One Hundred Stocks, One Hundred Pages
Over the last few months, we have been going over the hundred-stock “wish list” that we at Sicart have compiled over the last three years. It consists of stocks with good businesses, have dominated their industries for a while, yet still have plenty of room to grow. We like to pick a few at a time, download their annual reports, and take them home. It’s remarkable how many annual reports you can get through in a matter of months, since most of them are only about a hundred pages long. This practice has given us a wonderful opportunity to take a more careful look at familiar businesses, refresh our memory, and get up to speed with what’s new with our hundred stocks.
I personally keep a record of every single stock I have ever looked at, bought, or passed on over the last fifteen years. There are fewer and fewer companies that Sicart has never researched before. We examine every meaningful IPO, and gain a good understanding of what kind of businesses they are.

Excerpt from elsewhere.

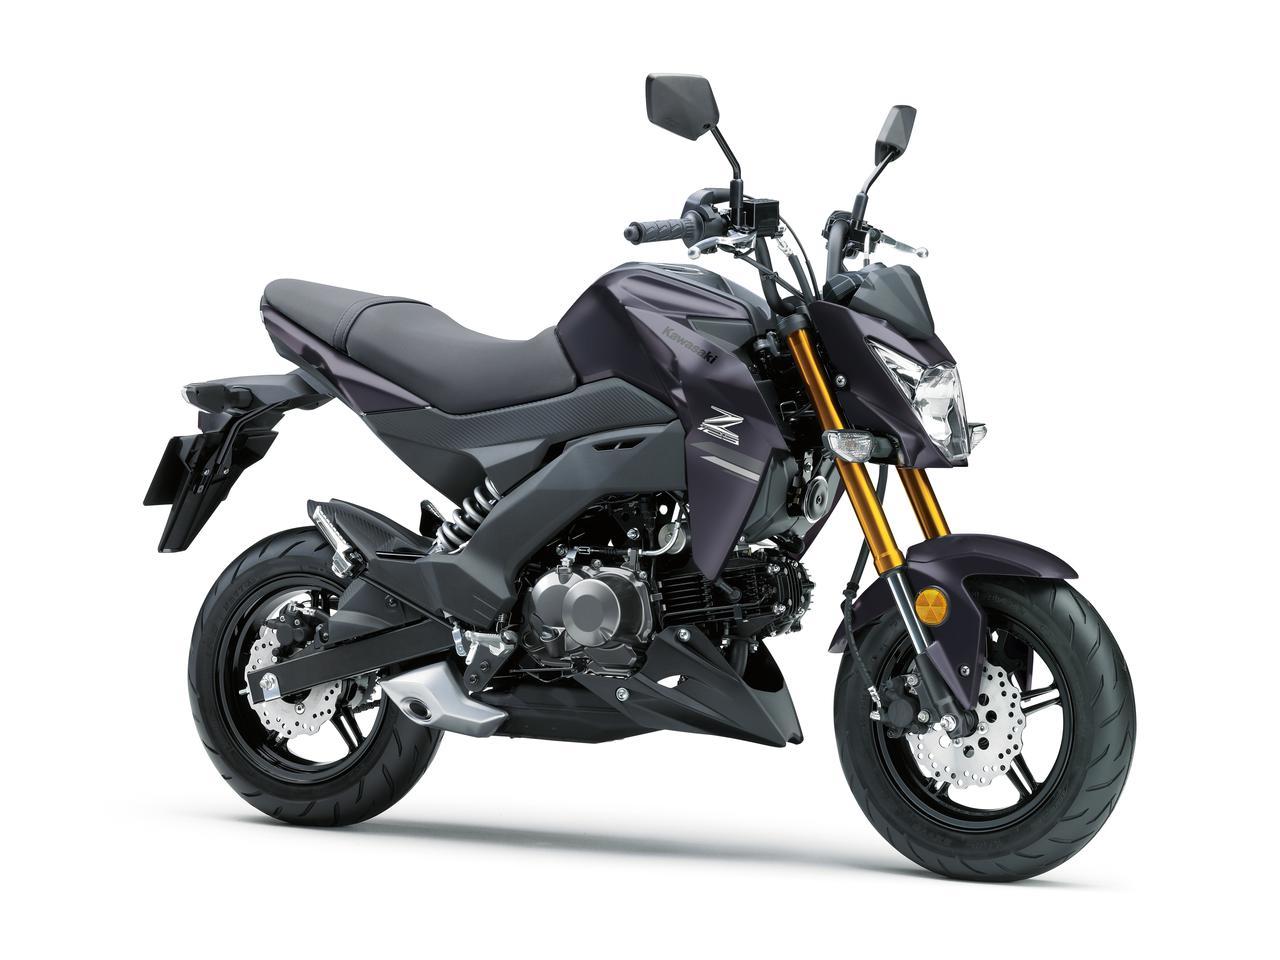 Images : 2番目の画像 - Z125 PROの写真を全て見る - LAWRENCE - Motorcycle x Cars + α = Your Life.

We’ve learned that what we don’t buy matters as much as what we do buy. Often, we see too many red flags in a business to make it a viable choice for us, and it just takes a couple of seconds to reject that stock. Then there’s what Warren Buffett calls his “too hard pile” where anything outside of his circle of competence ends up. We have one too! But even after eliminating the “two-second NO” and “too hard” options, there’s a lot to choose from. The Vanguard Total Stock Market ETF (a kind of Noah’s Ark of the market) lists over 3,600 stocks. Still, there are only about one hundred companies among them that we would like to own at some point.

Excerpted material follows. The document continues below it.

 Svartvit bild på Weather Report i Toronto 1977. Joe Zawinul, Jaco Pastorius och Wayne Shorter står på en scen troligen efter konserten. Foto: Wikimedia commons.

We have no intention or ambition to own all of them at once. We would be happy if we acquired about a third of them in the near future, and hopefully many more in the next 5-10 years. We really need only a few new stocks each year, and a total of 30 stocks is enough to totally make over our portfolio.
We have a long record of buying high flying-stocks at a steep price discount soon after they have briefly fallen out of favor due to some transient minor issues. As a matter of fact, we picked up three of those this year alone. One of them took only a year from scoring a spot on our list to making it into the portfolio, and it’s already pulling its weight.
As the market scrapes the clouds, and everything seems expensive, we are working harder than ever to identify and research desirable stocks to snap up when the time is right. Last year’s December sell-off (which shaved off a whole 20% from the major indices) was a prime example of a window of opportunity. We put more money to work in a matter of days than in the previous two years.
Our wish list is ready, and we couldn’t be more excited to put more new picks into our portfolios.
Published: December 12th, 2019
This article is not intended to be a client‐specific suitability analysis or recommendation, an offer to participate in any investment, or a recommendation to buy, hold or sell securities. Do not use this report as the sole basis for investment decisions. Do not select an asset class or investment product based on performance alone. Consider all relevant information, including your existing portfolio, investment objectives, risk tolerance, liquidity needs and investment time horizon. This report is for general informational purposes only and is not intended to predict or guarantee the future performance of any individual security, market sector or the markets generally.